Татьяна Москвина – известный театральный и кинокритик, сценарист, прозаик, финалист премии «НАЦИОНАЛЬНЫЙ БЕСТСЕЛЛЕР».В ее новом романе «Позор и чистота» сталкиваются юная фолк-певица Эгле, известный в восьмидесятых бард, актер-звезда сериалов и ушлая красотка из Парижа, готовая на всё ради счастья дочери… Зачем люди ищут известности, отвергая спокойствие и уют личной жизни? Деньги или счастье – ради чего стоит терпеть страдания и позор? И где она – настоящая чистота?
В книге рассказывается история главного героя, который сталкивается с различными проблемами и препятствиями на протяжении всего своего путешествия. По пути он встречает множество второстепенных персонажей, которые играют важные роли в истории. Благодаря опыту главного героя книга исследует такие темы, как любовь, потеря, надежда и стойкость. По мере того, как главный герой преодолевает свои трудности, он усваивает ценные уроки жизни и растет как личность.
Татьяна Москвина – автор, хорошо известный российскому читателю. Писатель, публицист, драматург, блестящий эссеист – много литературных талантов счастливо сошлось в этом человеке. «Вред любви очевиден» – книга, в которой Москвина в полную силу демонстрирует все грани своей незаурядной одарённости.
«Ничего себе Россия!» – новая книга широко известного писателя, публициста, театрального и кинокритика Татьяны Москвиной. Здесь собраны статьи, рецензии и эссе, написанные Москвиной в период 2006–2007 годов и публиковавшиеся в газете «Аргументы недели» и журналах «Искусство кино», «Петербургский театральный журнал», «Собака.ru» и «Русская жизнь».

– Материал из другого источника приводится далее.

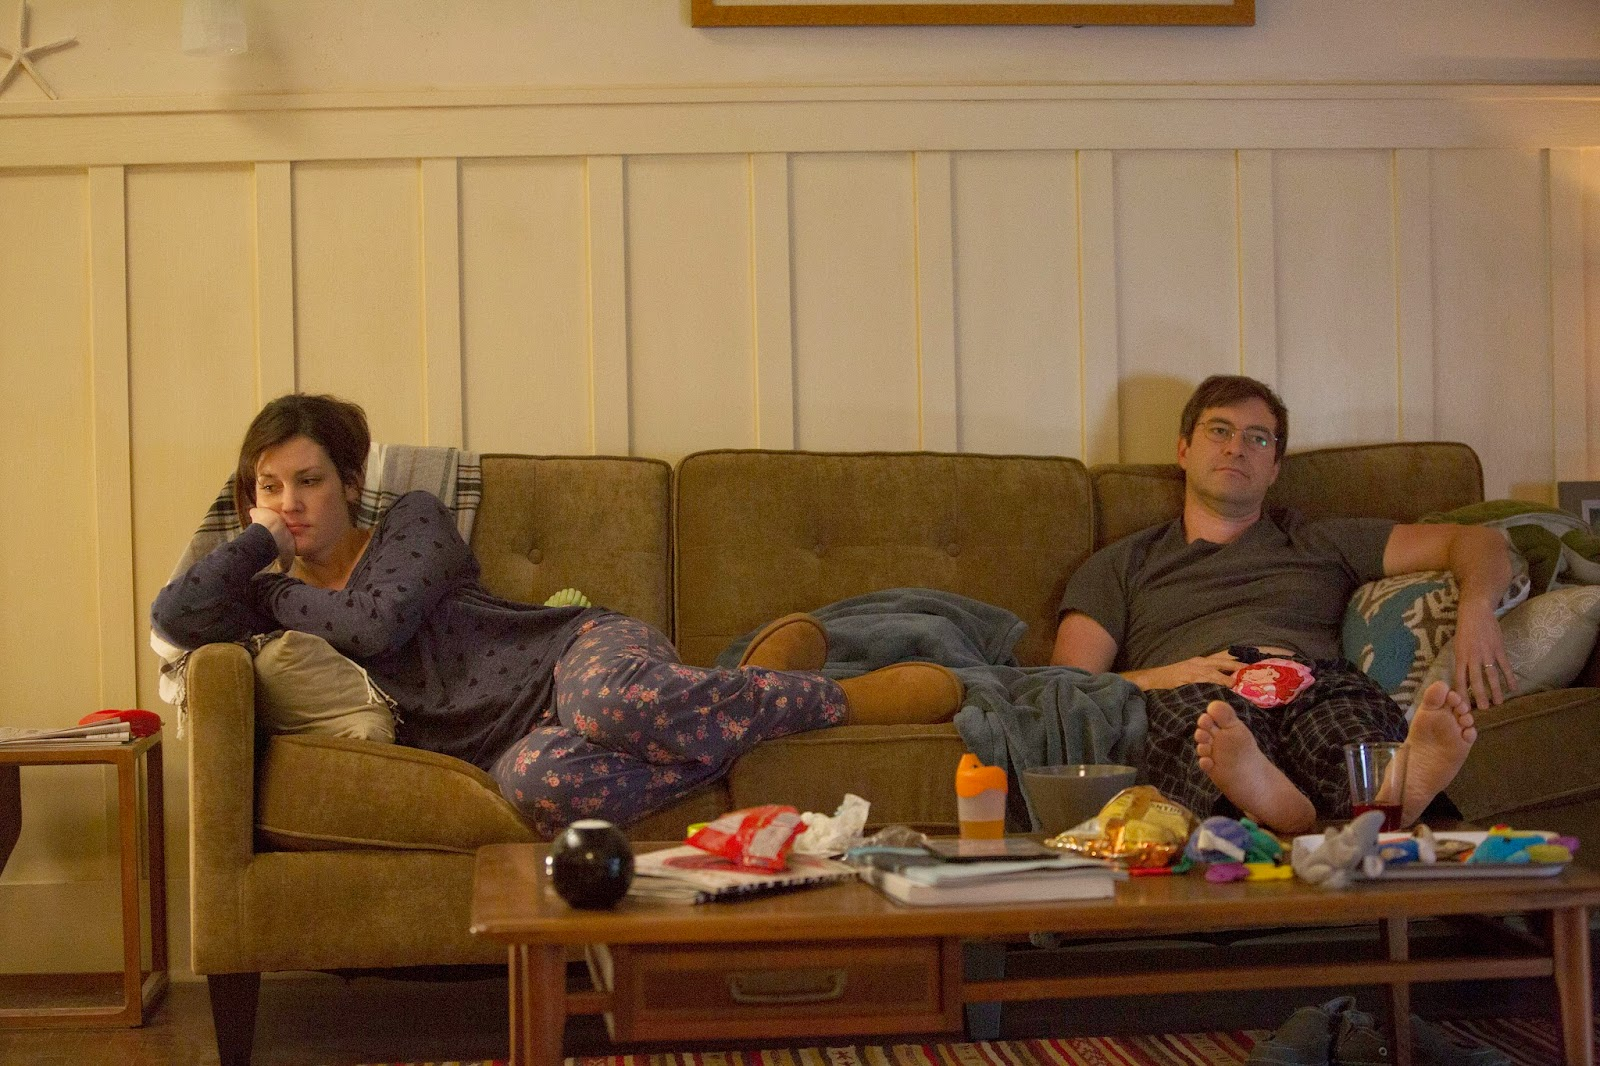 Michelle y Brett, frustrados en el sofá tras una nefasta sesión sexual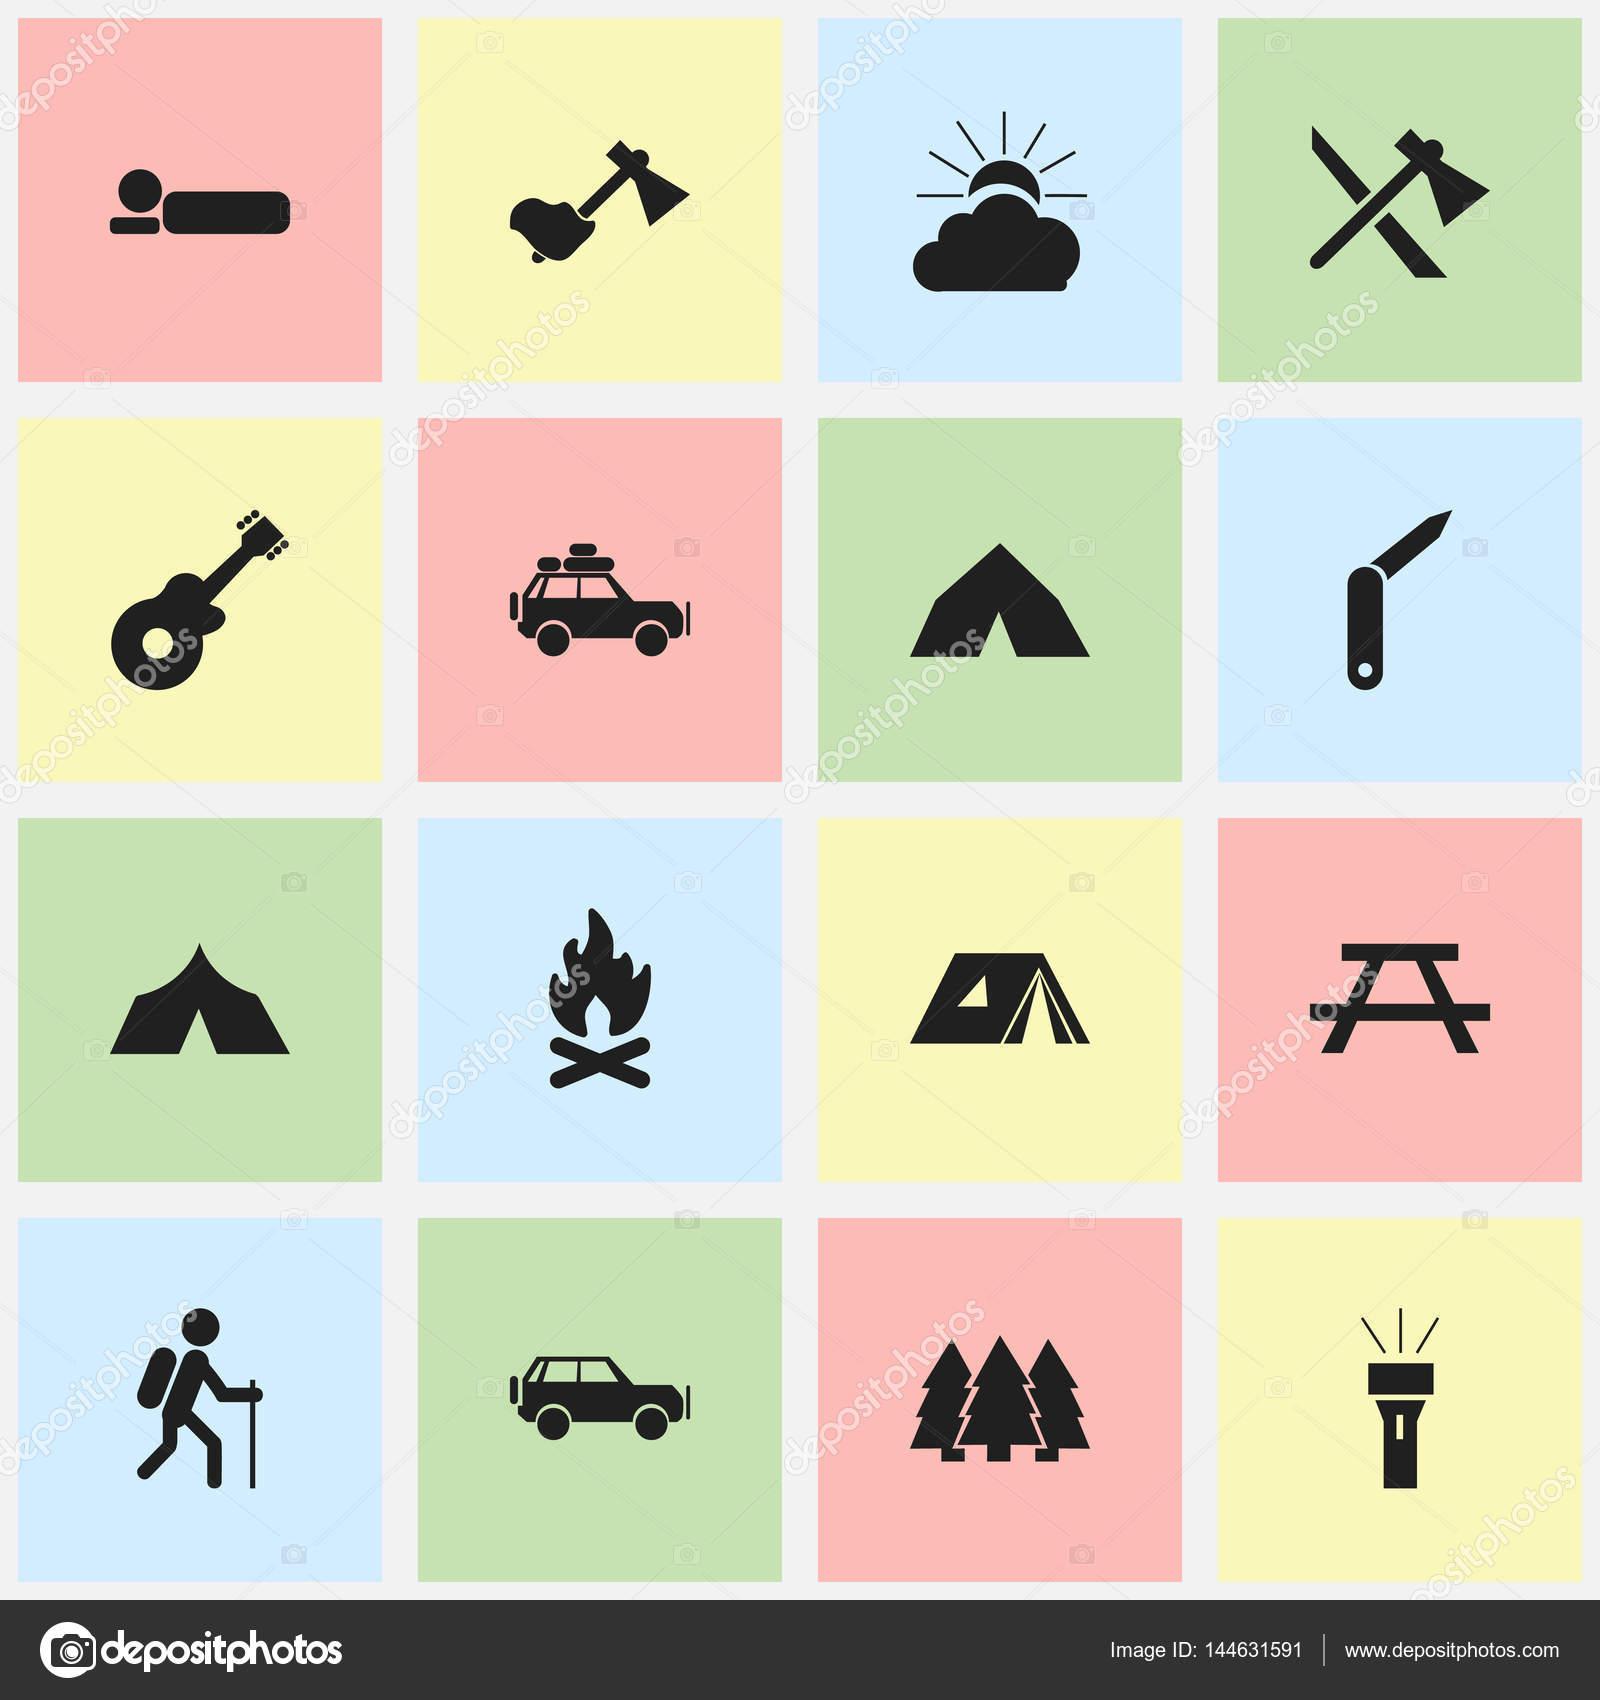 Bureau Design Gebruikt.Set Van 16 Bewerkbare Reizen Iconen Bevat Symbolen Zoals

В новой книге известного слависта, профессора Евгения Костина из Вильнюса исследуются малоизученные стороны эстетики А. С. Пушкина, становление его исторических, философских взглядов, особенности религиозного сознания, своеобразие художественного хронотопа, смысл полемики с П. Я. Чаадаевым об историческом пути России, его место в развитии русской культуры и продолжающееся влияние на жизнь современного российского общества.
В статье анализируется одна из ключевых характеристик поэтики научной фантастики американской Новой волны — «приключения духа» в иллюзорном, неподлинном мире.
Диссертация американского слависта о комическом в дилогии про НИИЧАВО. Перевод с московского издания 1994 г.
Научное издание, созданное словенскими и российскими авторами, знакомит читателя с историей словенской литературы от зарождения письменности до начала XX в. Это первое в отечественной славистике издание, в котором литература Словении представлена как самостоятельный объект анализа. В книге показан путь развития словенской литературы с учетом ее типологических связей с западноевропейскими и славянскими литературами и культурами, представлены важнейшие этапы литературной эволюции: периоды Реформации, Барокко, Нового времени, раскрыты особенности проявления на словенской почве романтизма, реализма, модерна, натурализма, показана динамика синхронизации словенской литературы с общеевропейским литературным движением.